Thoughts from
Jim Teague
FPCE director of communications.

I recently read the book “Bird by Bird: Some Instructions on Writing and Life” by author Anne Lamott. Truthfully, I didn’t read the book. As is my way more and more, I listened to it as an audiobook. This one was narrated by Lamott herself. Her unique voice and self-deprecating manner made it one of those special pieces I found myself making excuses to go driving for so I could listen uninterrupted.

The title comes from an anecdote Lamott shares about the process of getting something challenging done without being overwhelmed:

“Thirty years ago, my older brother, who was ten years old at the time, was trying to get a report on birds written that he’d had three months to write. [It] was due the next day. We were out at our family cabin in Bolinas, and he was at the kitchen table close to tears, surrounded by binder paper and pencils and unopened books on birds, immobilized by the hugeness of the task ahead. Then my father sat down beside him, put his arm around my brother’s shoulder, and said ‘Bird by bird, buddy. Just take it bird by bird.'”

If you consider yourself a writer by any stretch of the imagination, I highly recommend the book. At times irreverent and drawn from her life experiences (which include addictive behaviors and a somewhat bohemian lifestyle), it may not be everyone’s cup of tea. I found it encouraging, touching, and mostly hilarious.

The entreaty to take life’s hard tasks “bird by bird” really speaks to me. It’s the idea of “eating the elephant one bite at a time” and not getting bogged down by the big picture. I think there is something to be said for adopting that kind of mentality as a church as First Pres moves toward opening the search for a new senior pastor.

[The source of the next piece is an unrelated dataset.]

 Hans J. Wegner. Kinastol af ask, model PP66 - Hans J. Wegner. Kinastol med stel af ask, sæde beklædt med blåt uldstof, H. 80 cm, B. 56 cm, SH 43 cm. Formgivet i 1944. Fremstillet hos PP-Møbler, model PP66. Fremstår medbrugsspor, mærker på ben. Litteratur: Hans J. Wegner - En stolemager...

Rev. Dr. Tassie Green, our interim senior pastor, is great at this. She will often remind the staff or lay leaders that we are only on step 28 (or some such number) of the 310-step process of hiring someone new (it’s really only 64 steps). She will then go on to encourage us to keep focused on the tasks at hand rather that being too concerned about whether or not we’re on schedule (hint: there is no schedule we have to stick to, so long as we end up with the new pastor God had led us to).

Lamott repeatedly stresses the importance of pursuing honesty and creativity as a writer over the goals of being liked, getting published or getting great reviews by those who read one’s work. She is quick to acknowledge how difficult keeping those priorities in proper order can be.

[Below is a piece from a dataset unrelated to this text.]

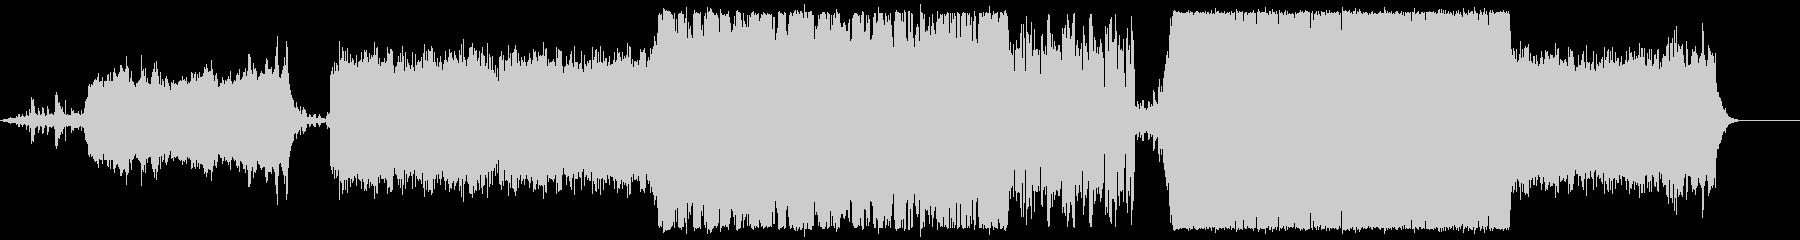 オルガンとクワイアのシネマティック曲の未再生の波形

“If something inside of you is real, we will probably find it interesting, and it will probably be universal. So you must risk placing real emotion at the center of your work. Write straight into the emotional center of things. Write toward vulnerability. Risk being unliked. Tell the truth as you understand it. If you’re a writer, you have a moral obligation to do this. And it is a revolutionary act—truth is always subversive.”

When I hear phrases like “risk being unliked,” my pulse quickens, and I start to sweat. I really like being liked. As a kid and young adult, I did my best to be liked by everyone, even if that sometimes meant reinventing myself to be more likeable by friends, teammates, coworkers, and family members. The result, however, was that I became so good at being a different me depending on the situation that I lost sight of where the pretend me stopped and the real me started.

I finally had to step back and evaluate what I was doing to make others like me and whether or not they were honest expressions of who I am and really want to be. In many cases, they just weren’t. For instance, I am part of a group text with friends from college and I was always (yes, always) trying to be “the funny one” or “the witty one.” It got to the point where I was working so hard at being funny that I began to come across as sarcastic and even snarky or unkind at times.

While I love being funny (a trait I highly value in others, too), the way I presented myself in the texts became more about being liked or admired and less about me just being me. Ultimately, I had to trust my friends would either like me for who I truly am, or let the friendship change or even die. Either way, I will be better off working on being who I believe God made me to be rather than playing a role for the benefit of others.

In seeking a new senior pastor, we are taking time to examine ourselves as a church. This is crucial. The last thing we want to do is pretend to be a church that we’re not or claim to be strong in gifts or traits we don’t really do so well in after all.

Of course, that doesn’t mean it will be easy. However, I believe if we remain committed to the process of self-discovery rather than overly concerned (for now at least) about the outcome, we will end up being content with whatever comes.

Lamott says writers “are lucky to be one of those people who wishes to build sand castles with words, who is willing to create a place where your imagination can wander.” While the sand castles our stories create are not permanent, that’s okay because the ideas and thoughts and words remain.[1]

I’m confident that the benefits of us being lovingly honest with one another throughout this process of self-examination will far outlast any fear we might have in the short term.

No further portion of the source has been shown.